→ **INFORMATION SUPPLIED**:
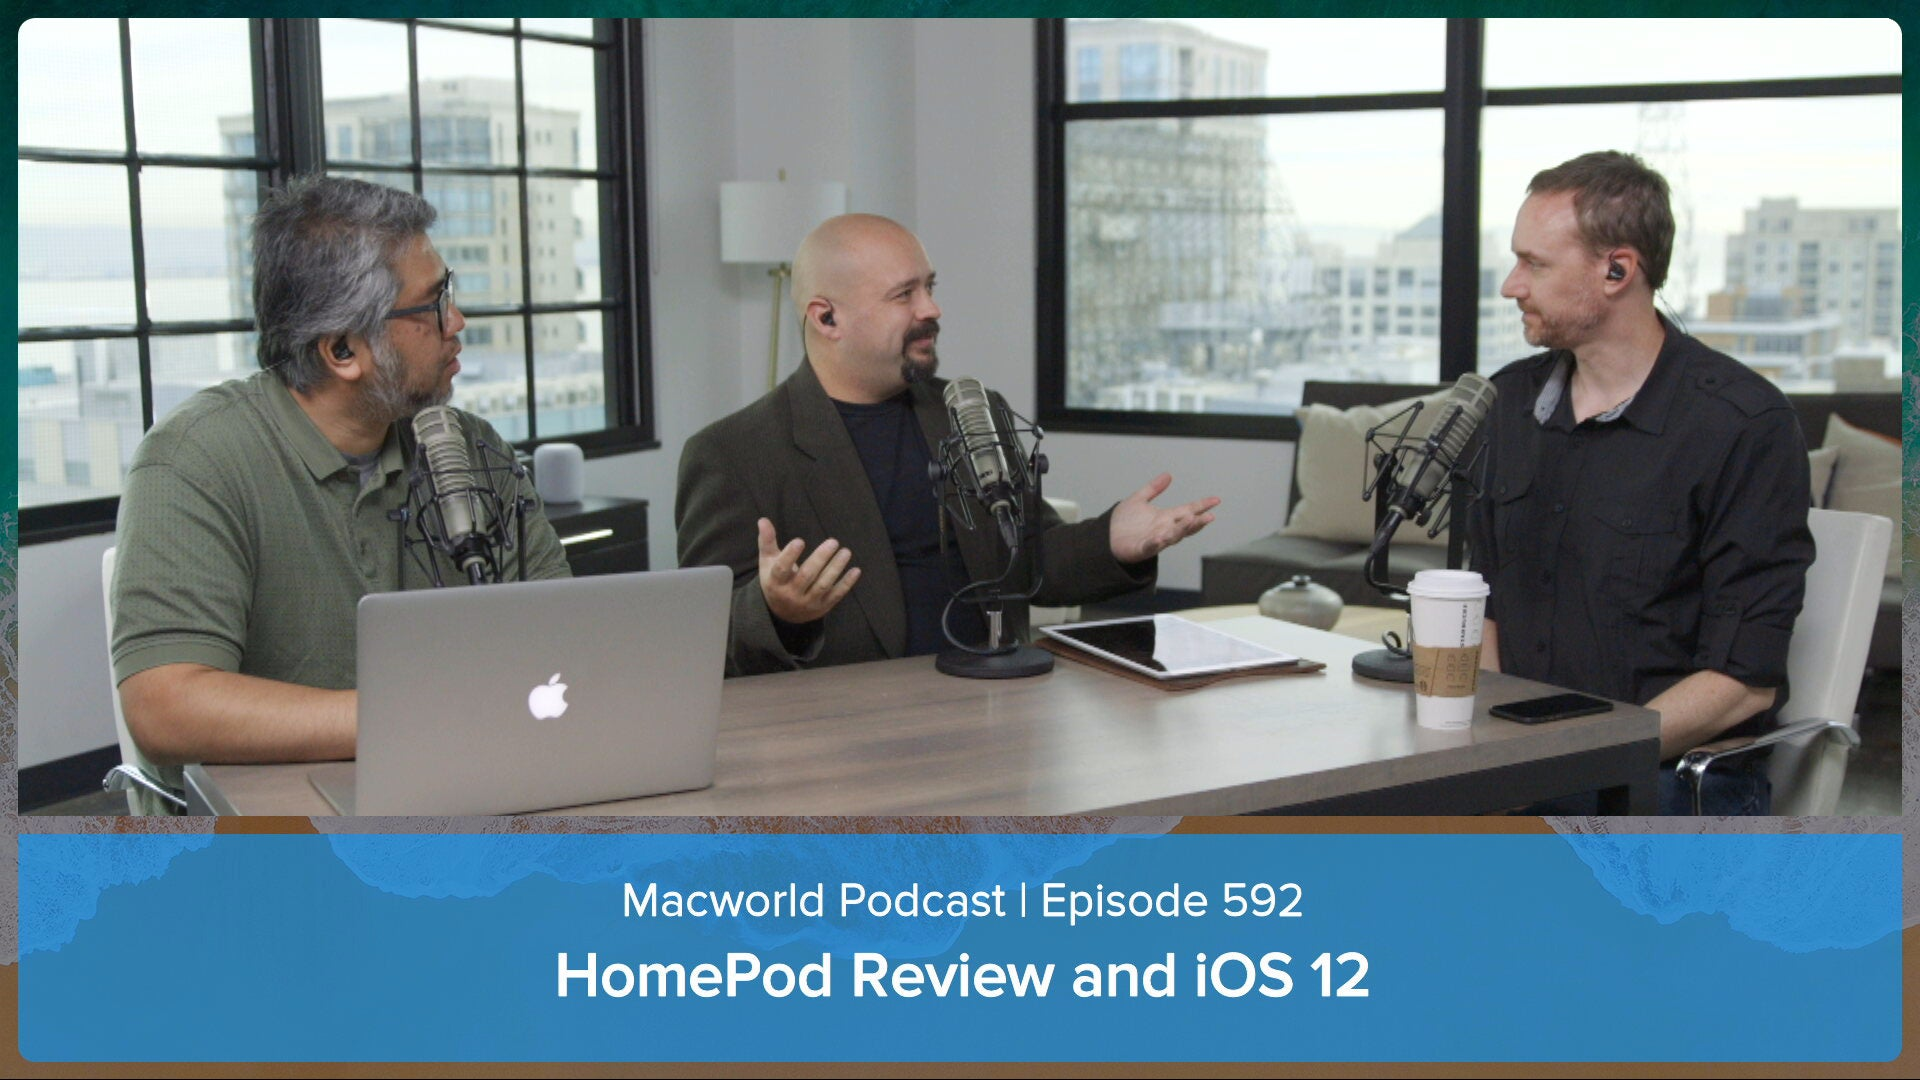 Macworld Podcast 592
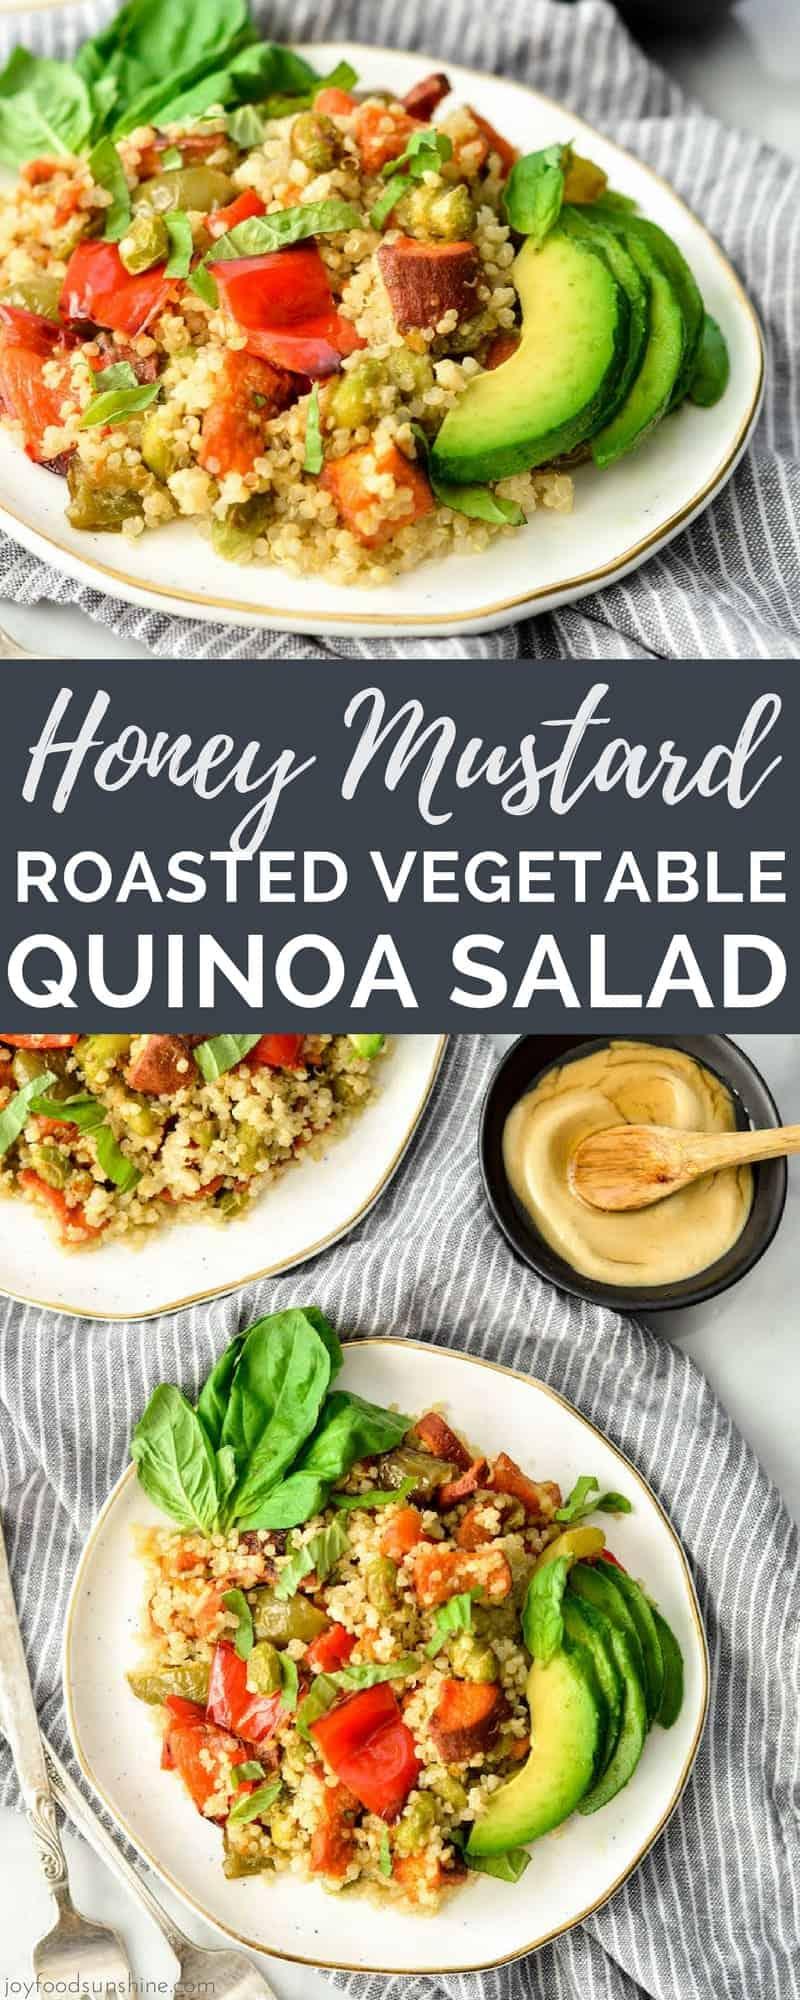 Honey Mustard Roasted Vegetable Quinoa Salad - JoyFoodSunshine
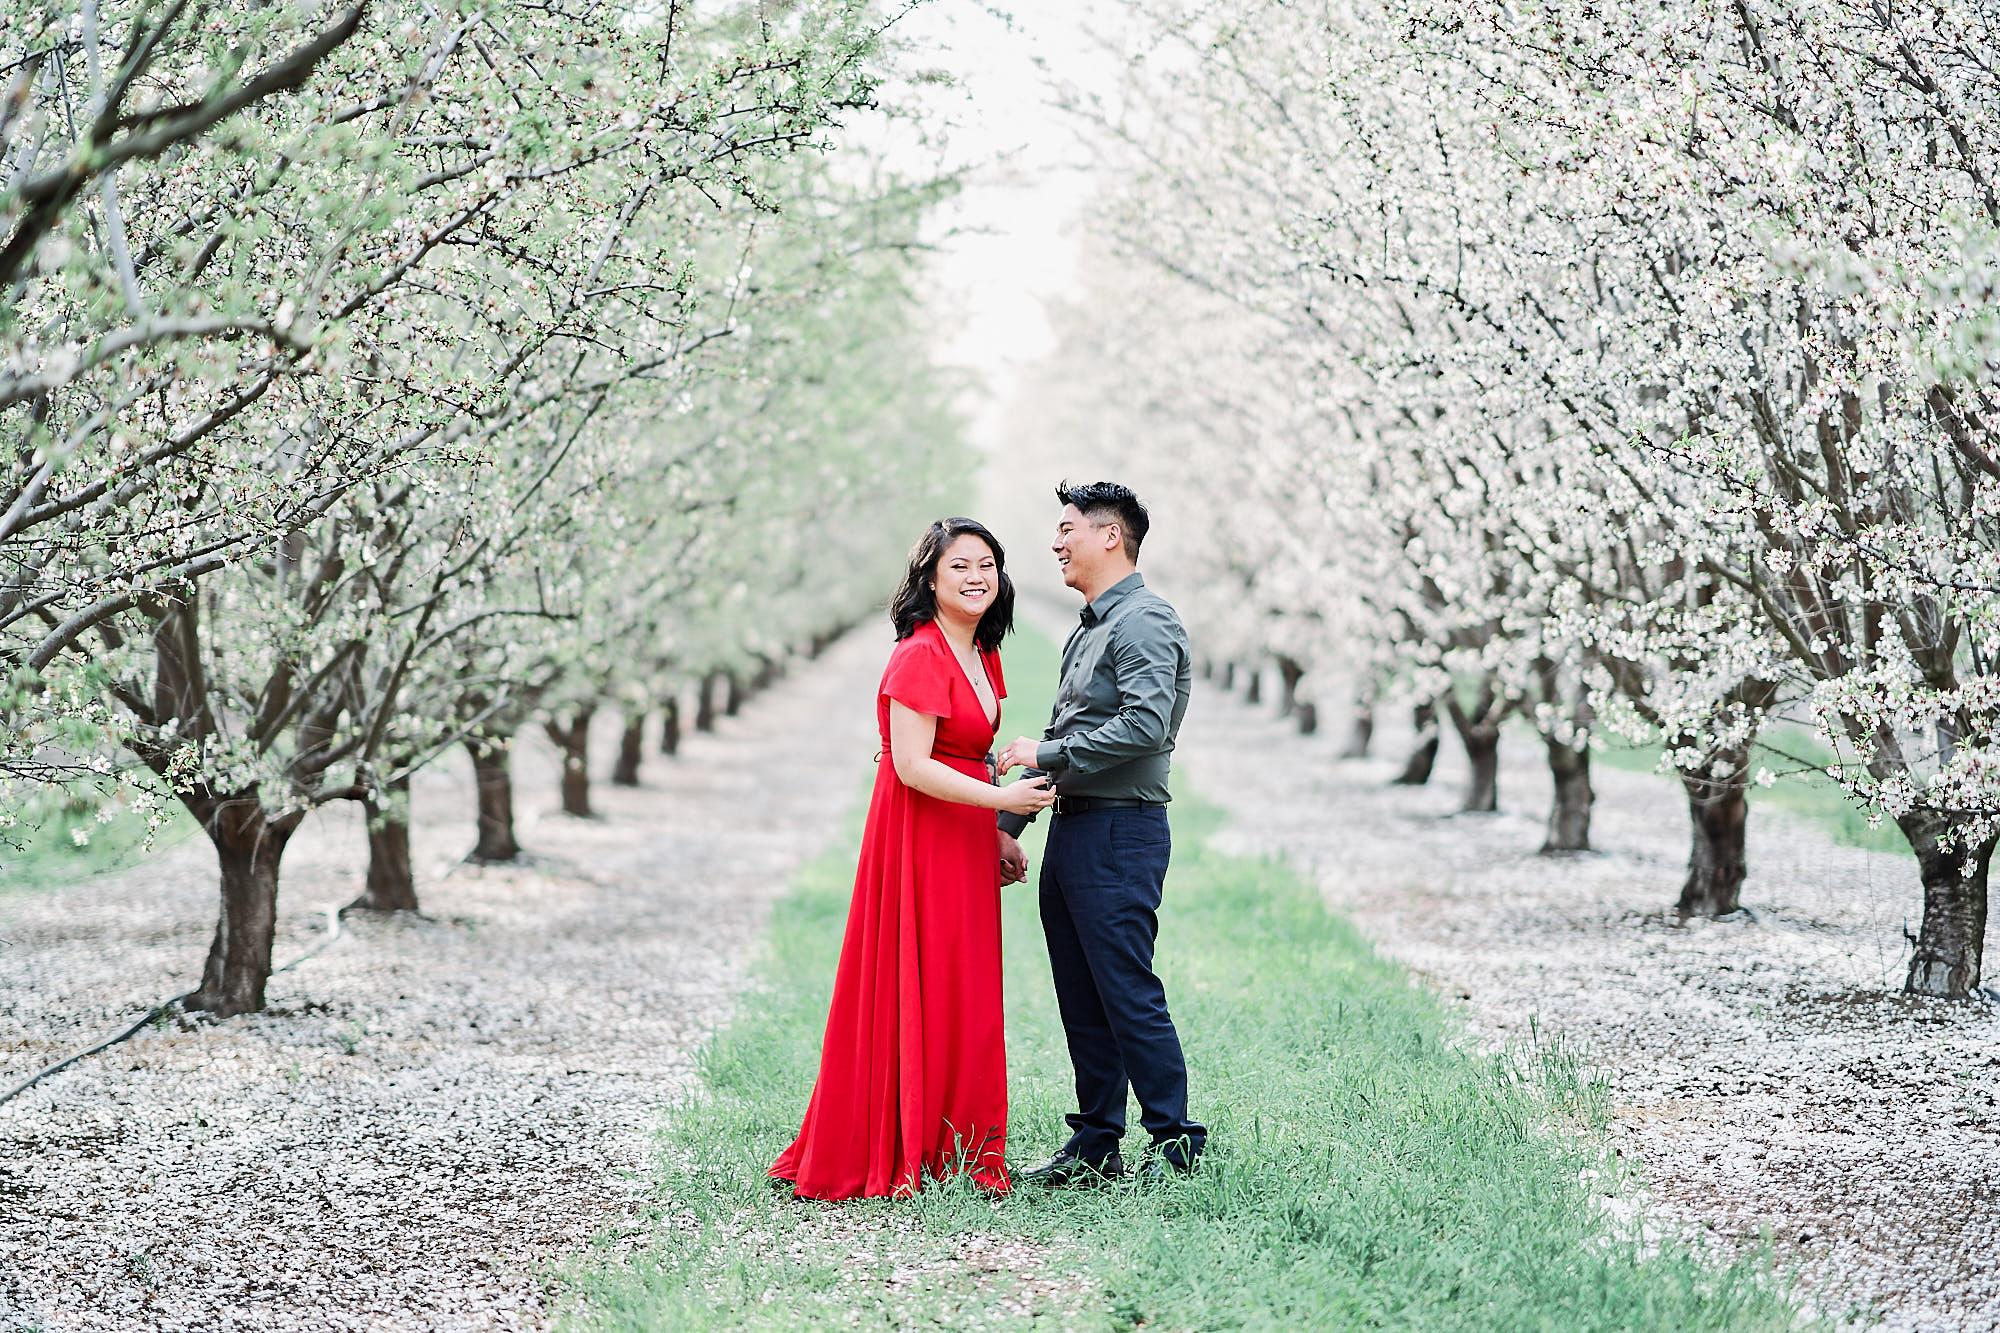 Asian Couples Photos At Almond Orchards California

→ **PROBLEM DETAILS**: Could you transcribe exactly the lines running from the one with "Honey Mustard Roasted" to the final line of the material above, both included, with no pictures?

→ **SOLUTION TO THE EXERCISE**:
 Honey Mustard Roasted Vegetable Quinoa Salad - JoyFoodSunshine
 Asian Couples Photos At Almond Orchards California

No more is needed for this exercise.